This article was originally published in the April 2024 edition of YUToday.
MANISH KUMAR THOTA ’24, Katz School of Science and Health, M.S. Candidate in Artificial Intelligence
Imagine conversing with your most knowledgeable professor, the one who has a wealth of information and is eager to share it. That is the essence of my Visual Question Answering (VQA) model. The twist here is that the professor is not a person but a computer equipped to provide insights and answers with the same depth and accessibility.
That is how Manish Kumar Thota, who is pursuing a master’s degree in Artificial Intelligence (AI) at the Katz School of Science and Health, describes his research on developing a machine-learning chatbot that can assist students academically. “The challenge is to teach my VQA model, which I refer to as a digital brain, to understand both images and questions and respond the way your most knowledgeable professor would. It’s all about making computers as smart as the sharpest minds out there, one pixel at a time.”
Originally from Hyderabad, a major center for technology in southern India, Thota became interested in AI and data science during his undergraduate years when he worked on a project focused on “deep learning”—a method in AI that teaches computers to process data in a way that is inspired by the human brain. Deep-learning models can recognize complex patterns in pictures, text, sounds and other data to produce accurate insights and predictions with the precision one might expect from a seasoned pro. “That project fascinated me,” said Thota. “Together with my background in computer science, it led me to join Stryker R&D, working on cutting-edge projects in the Asia-Pacific region.”
His passion for AI research eventually drew him to the Katz School. “I chose Katz for my master’s degree because of its excellent course structure and alignment with my research interests,” said Thota. “The opportunity to work closely with faculty members whose work resonated with my interests was a major factor in my decision. Additionally, I had the privilege of interning as a machine-learning engineer at S&P Global during the summer and was fortunate to receive the Sacks Impact Graduate Fellowship in Ethics and Entrepreneurship from YU, covering my tuition expenses.”

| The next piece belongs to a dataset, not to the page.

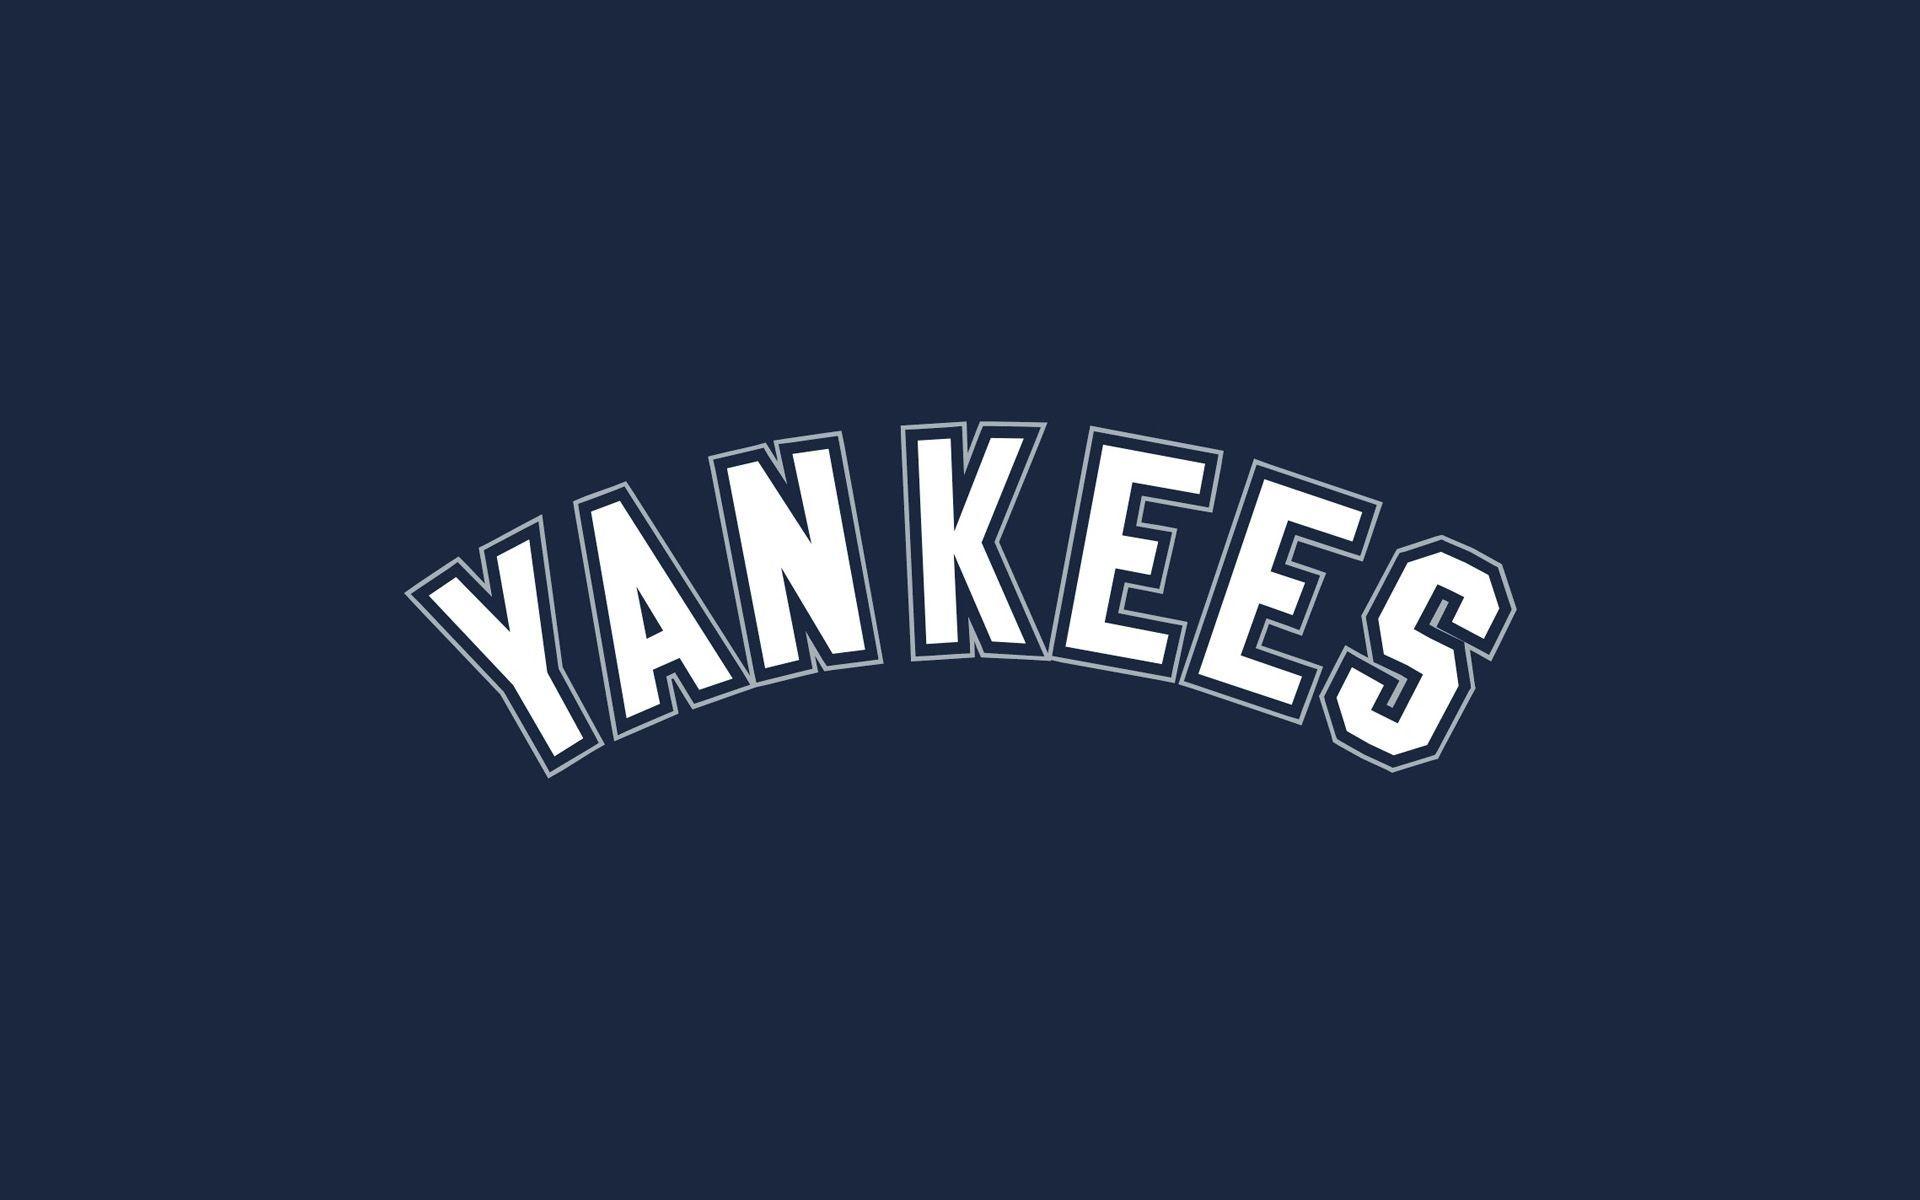 Yankees HD Wallpapers Group

At the Katz School, Thota is engaged in innovative projects, including the development of a VQA chatbot that integrates computer vision and natural-language processing technologies. It leverages a cutting-edge Generative Pre-trained Transformer (GPT) model to deliver enhanced personalized and interactive learning experiences. By incorporating machine learning algorithms, advanced natural-language processing and a comprehensive range of educational content, the chatbot enables students to learn at their preferred pace. They can revisit the material as often as necessary, engage with it more interactively and receive instant feedback on their comprehension.
“The goal of the project is to train a large-language model with vision capabilities that can recognize and teach course content, answer questions and provide interactions with audiences,” said Dr. Youshan Zhang, an assistant professor of AI and computer science in the Katz School and Thota’s adviser. “This model can then be used to improve the learning experience for students in online courses by providing them with a more interactive and engaging learning environment.”

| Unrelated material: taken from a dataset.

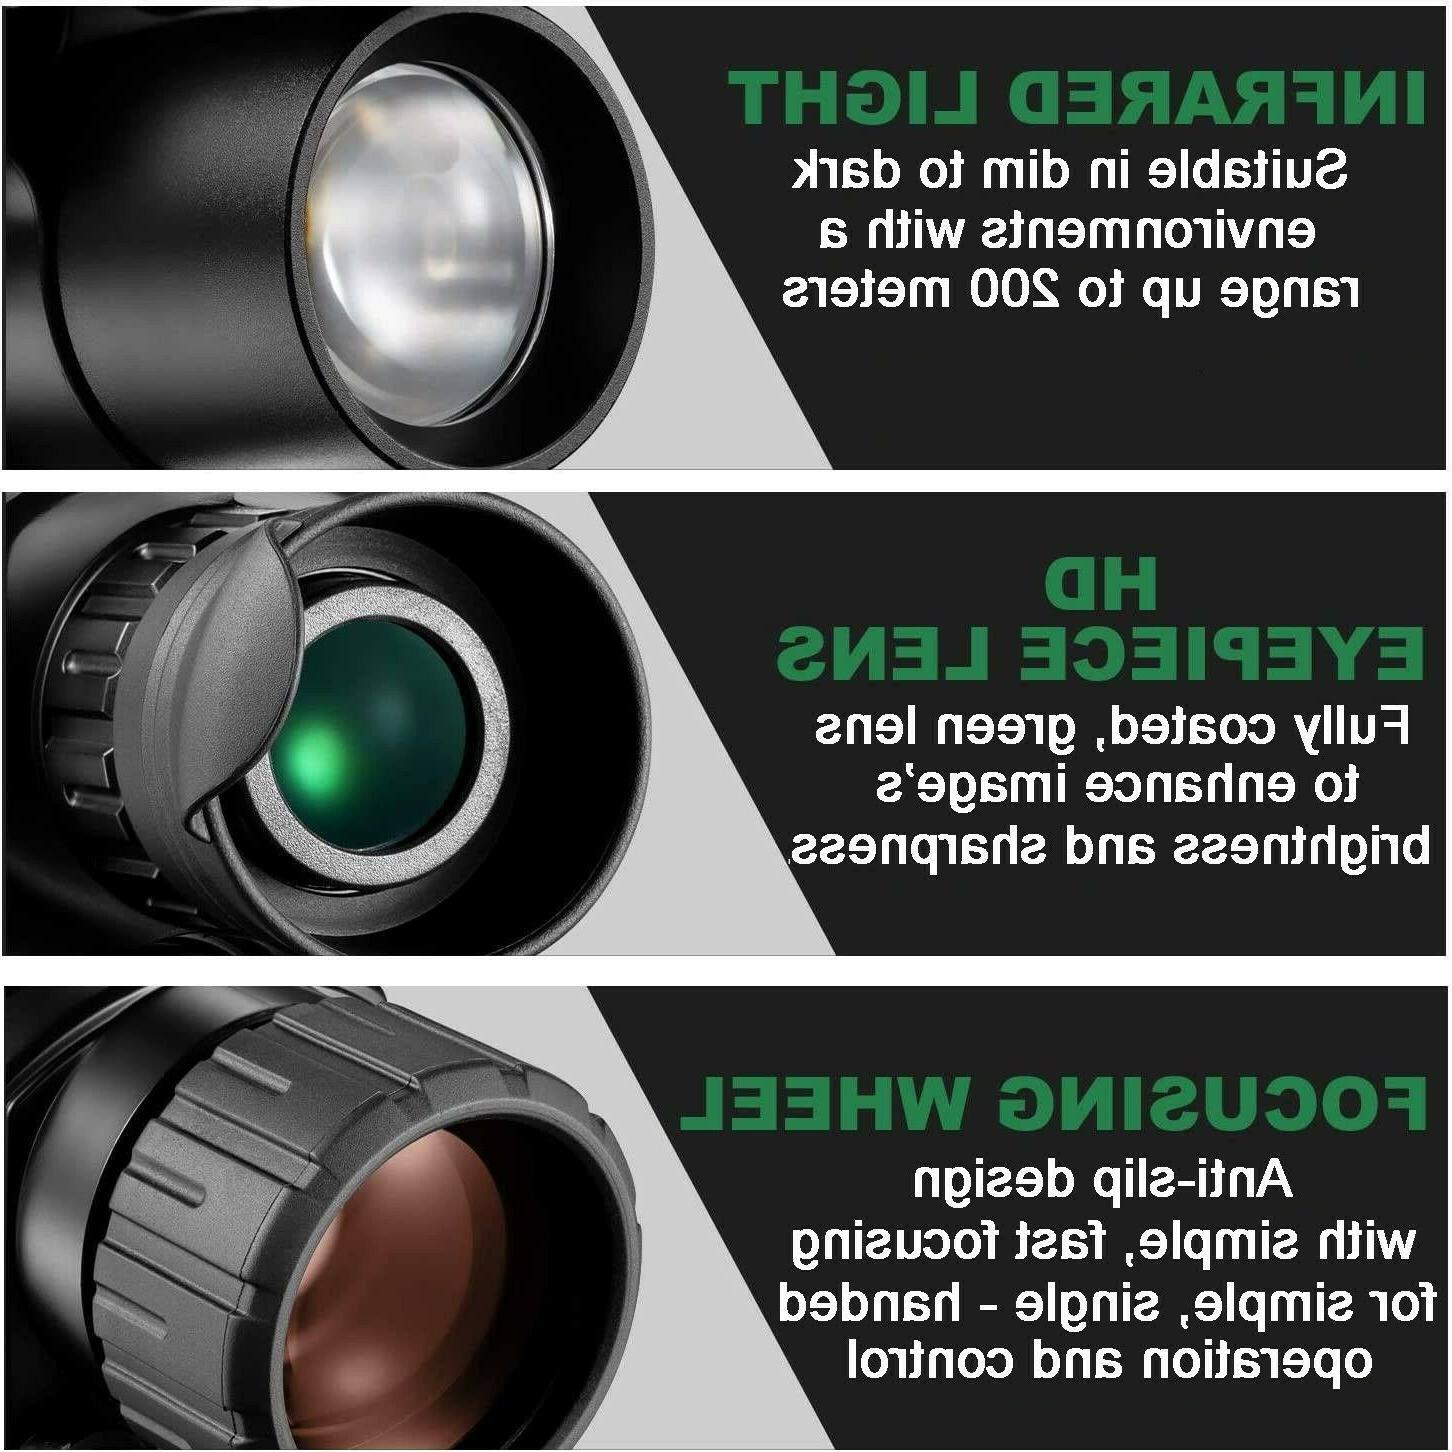 Night INFRARED video 5x40 Monocular Surveillance Hunting

When asked if people should be nervous or excited about what lies ahead, Thota smiled. “The future of chatbots holds great promise, revolutionizing how we interact with technology and business,” he said. “While some may feel apprehensive about their chatbots, there’s more reason to be excited. These AI-driven assistants will streamline tasks, improve customer service, enhance accessibility and make daily life easier and more efficient.”